Last month, David Hockney, a world-famous artist now aged 82, penned a letter to the Daily Mail on this topic sparking a global conversation. This question is now being analysed by scientists are yielding 'bizarre' results

Last month, David Hockney, a world-famous artist now aged 82, penned a letter to the Daily Mail on this topic sparking a global conversation. This question is now being analysed by scientists are yielding ‘bizarre’ results 

One person who abandoned a deeply-ingrained smoking habit recently is 79-year-old Tag Doogan a retired pattern cutter originally from Cumbria now living in London, who had smoked 30 cigarettes a day for six decades. 

Ms Doogan ditched the lifelong addiction in November for her grandchildren and said she feels she has given herself the best chance if she ends up ‘facing the virus’. 

Ms Doogan, who has two young grandsons, Eddie, four, and Louis, six, said: ‘Smoking is bad for the grandchildren, and I wanted to be a better, kinder person.’

After a stint in hospital and a trip to the gym at the medical facility, a doctor witnessed her gasping for breath due to the air conditioning and light exercise, and told Ms Toogan she was ‘half dead’.  

Since abandoning cigarettes, her lung capacity has improved by 130 per cent her blood pressure has dropped to a healthy level, and she has experienced ‘amazing’ mental health benefits.

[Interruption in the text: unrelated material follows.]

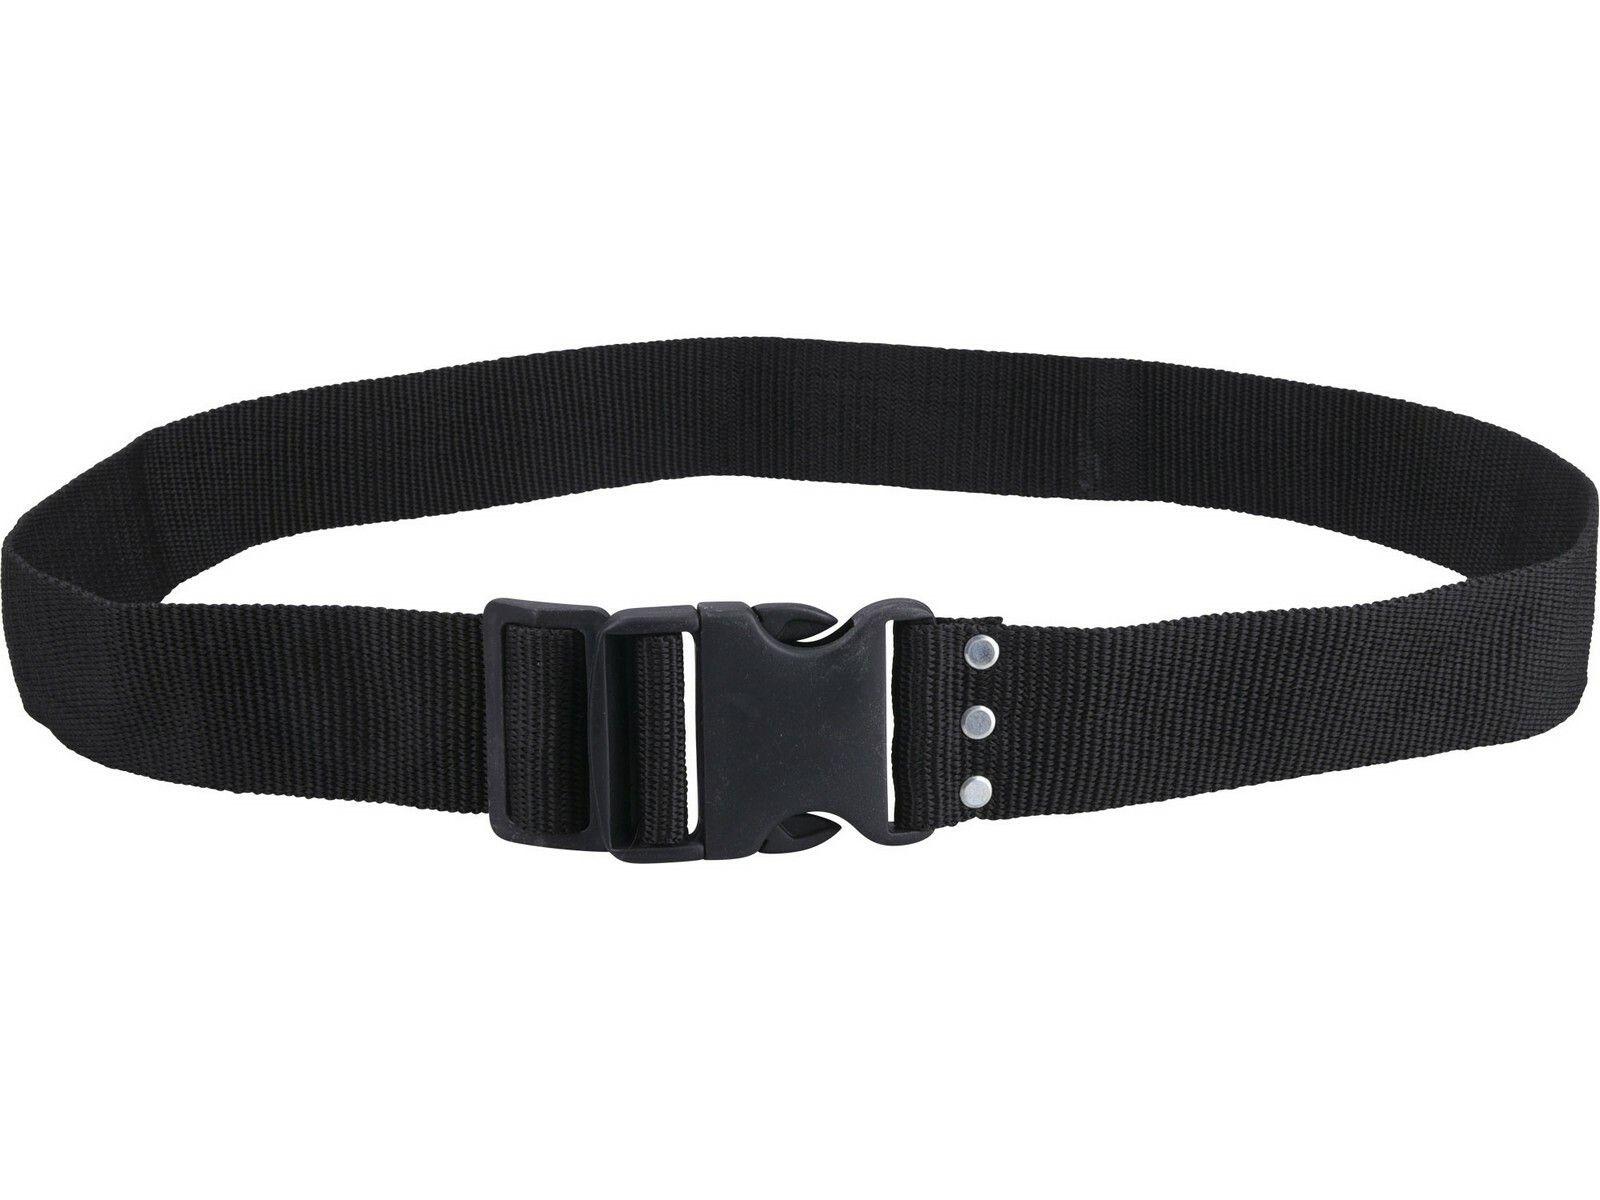 Opasek nylonový černý, š.5cm x d.122cm, plast. přezka, nylon EXTOL-PREMIUM

‘I can face the virus because I’ve given up smoking – it’s got all the positives,’ she said.

‘I would feel so guilty if I was still smoking, and the fact that I might die because of not breathing and being very uncomfortable.’ 

The government has previously pledged to see smoking in England die out by 2030 by offering help quitting and improving education on the hazards posed by tobacco. 

And the Local Government Association said councils will play a role in helping this happen.

Community Wellbeing Board chairman Ian Hudspeth said: ‘Smokers are at particular risk of COVID-19 and it is encouraging that so many have quit the habit for good.

‘Councils can help the Government to achieve its ambition of eliminating smoking in England by 2030, through their tobacco control and other public health and support services, but need certainty over their long-term funding to help do so.’